What “read-your-writes” means in practice

Read-your-writes (RYW) is a session-centric guarantee: for a given client session (however you define it), after a successful write W, any subsequent read R in that session should reflect W and earlier writes from the same session—not necessarily every write in the world, but this actor’s causal history from their perspective.

It sits between strong linearizability (expensive, often single-leader or sync replication) and pure eventual consistency (cheap, but users see ghosts). Most product backends target something in the middle: replicas for scale, primary for truth, and explicit rules for which reads must go where after a mutation.

Formal models (e.g., in distributed systems literature) often discuss session guarantees alongside monotonic reads (you never see time go backward within a session) and monotonic writes (your writes appear in order). RYW is the subset users feel first when it breaks.

Why replicas violate RYW by default

Typical cloud database setups:

• Asynchronous read replicas apply the write-ahead log after the primary commits. Lag is usually small but non-zero and spiky under load or failover.
• Multi-region replication adds network RTT; “global secondary indexes” or regional caches amplify the window.
• Application-level caches (Redis, CDN, browser) can serve older representations even when the database is already consistent.

So the bug is not “replication is broken”; it is routing a read to a stale copy without telling the stack that this read is causally dependent on a write that just landed elsewhere.
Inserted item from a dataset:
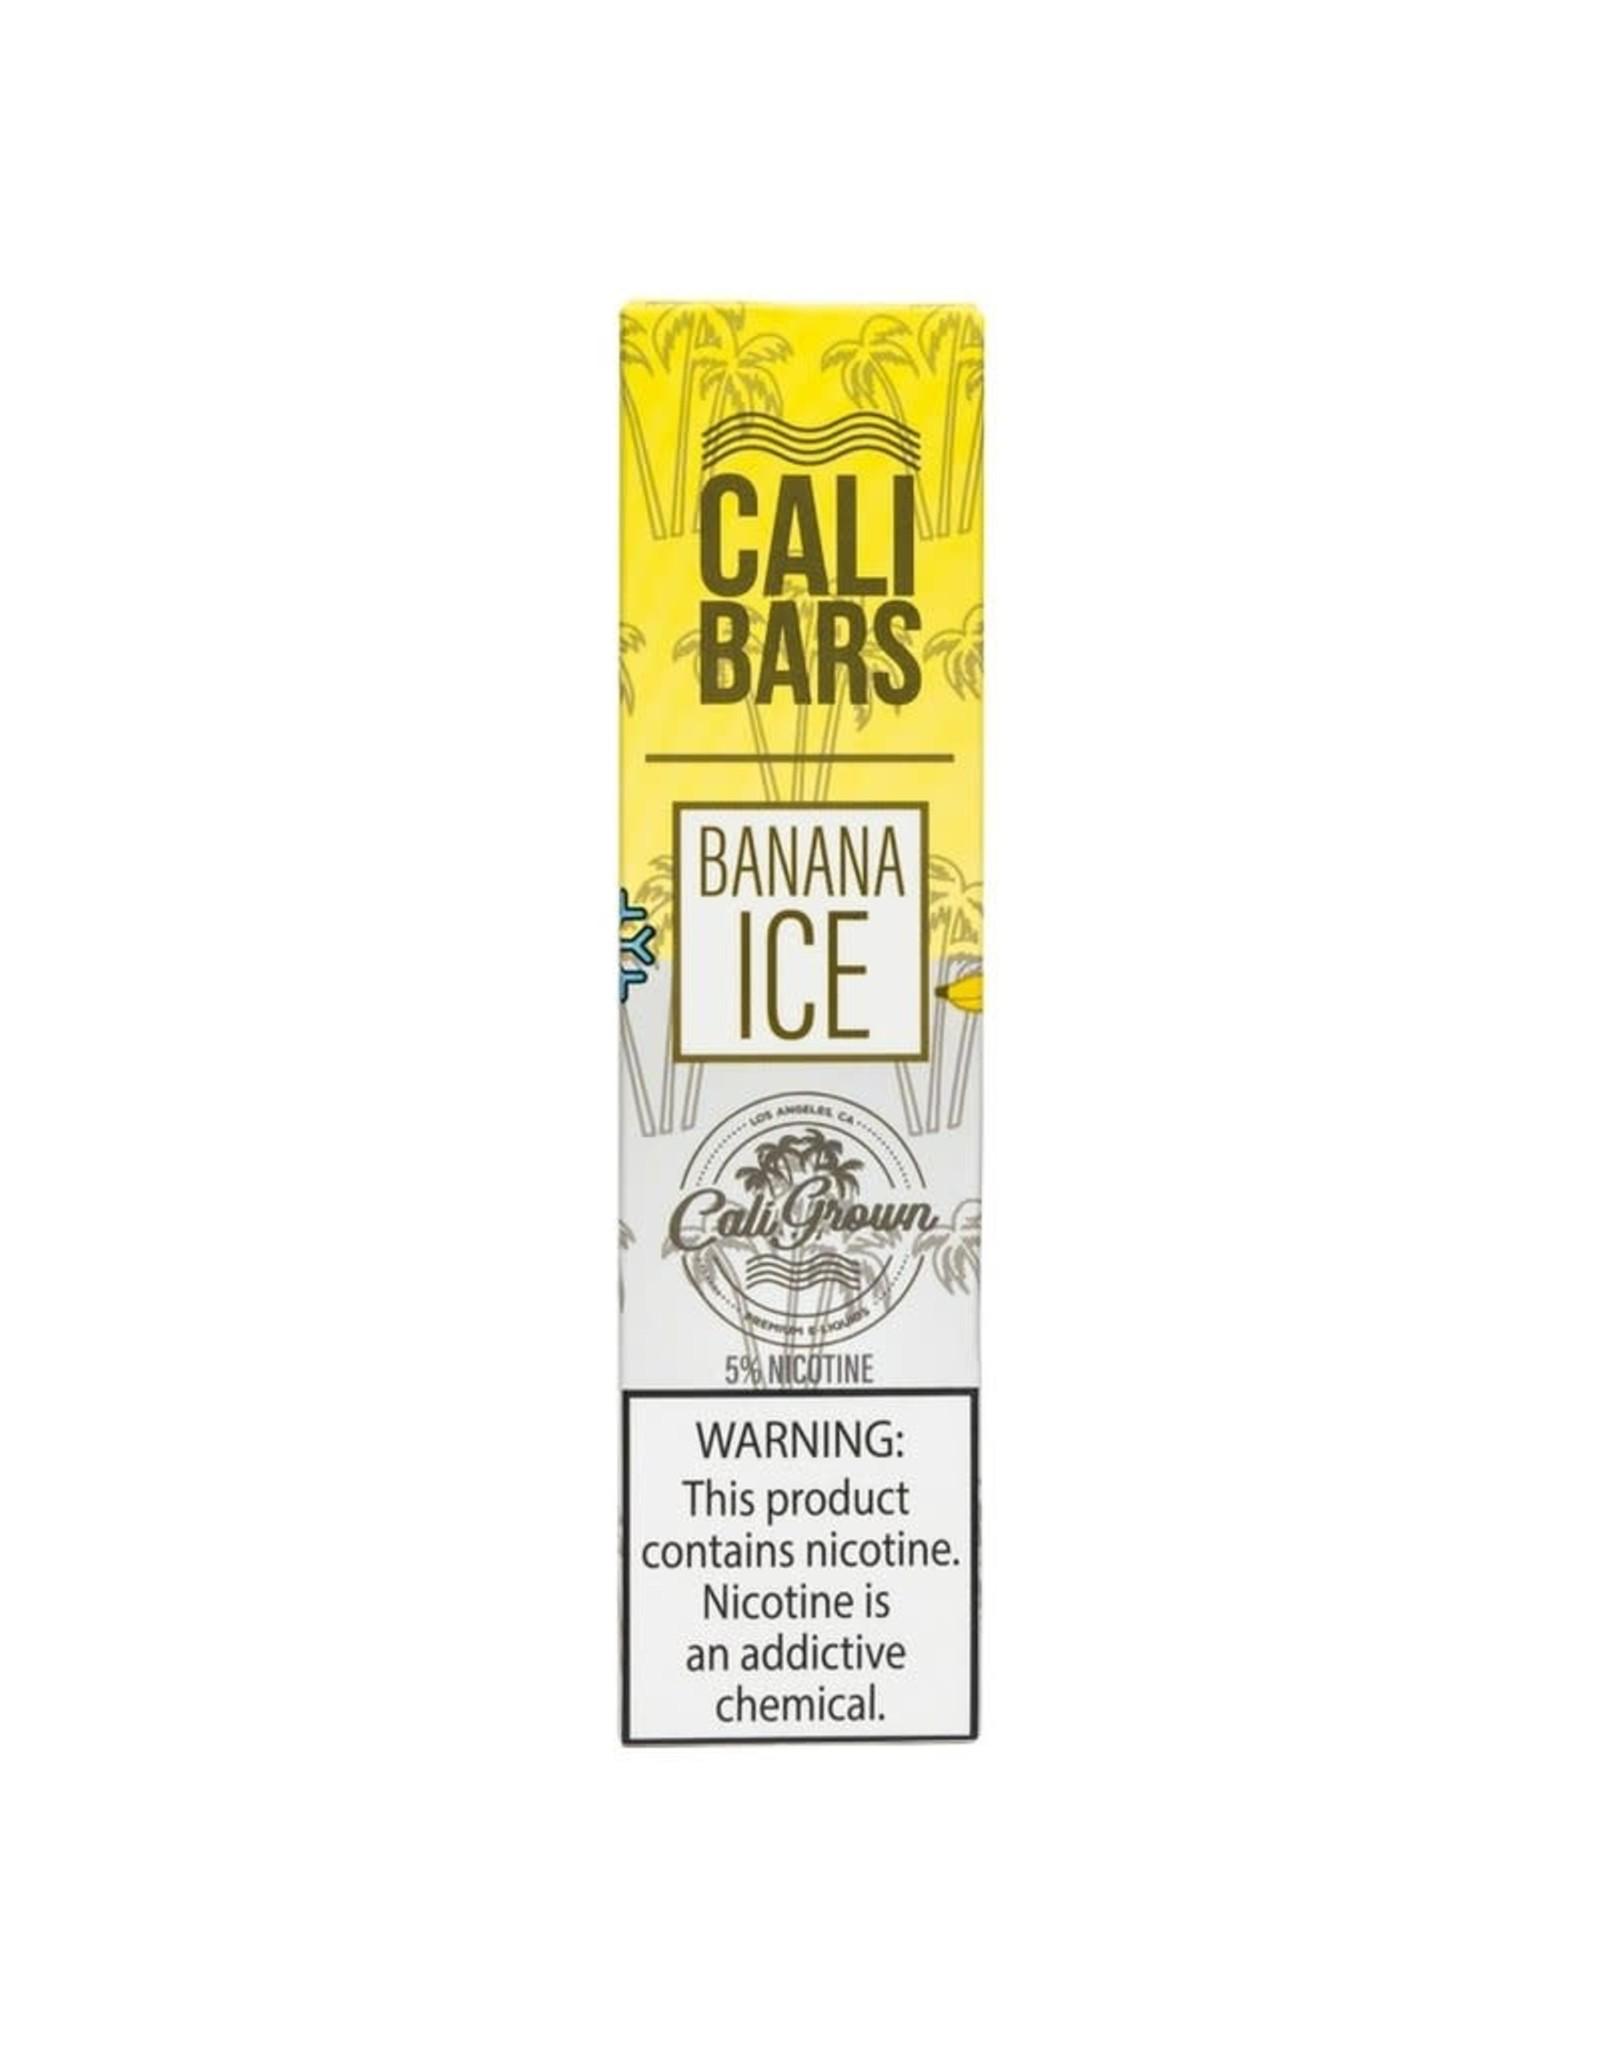 Cali Bars Cali Bars Banana Ice 5%

Strategy 1: Route session reads to the primary after writes

The blunt instrument: after any mutating request, pin subsequent reads for that user to the writer (primary) for a short window.

Mechanics:

• Sticky sessions at the load balancer are rarely enough by themselves—they tie a user to an app instance, not to a database role.
• What you want is read/write split awareness in the data layer: a router that sends SELECT to a replica by default, but to the primary when the request carries a flag (cookie, header, or server-side session state) meaning “this session recently wrote.”

Sketch (conceptual):

// After a successful mutation, mark the session (server-side store or signed cookie).
function afterWrite(session: Session) {
  session.readYourWritesUntil = Date.now() + 5_000; // tune per observed replica lag p99
}

function pickReadTarget(session: Session, operation: "default" | "strong"): DbRole {
  if (operation === "strong" || Date.now() < session.readYourWritesUntil) {
    return "primary";
  }
  return "replica";
}

Trade-offs:

• Pros: Simple mental model; works with any SQL primary/replica topology; no schema changes.
• Cons: Bursts of writes push more read load to the primary—you must watch primary CPU and connection limits. The window must cover p99 replication lag, not just the median, or you still lose RYW under stress.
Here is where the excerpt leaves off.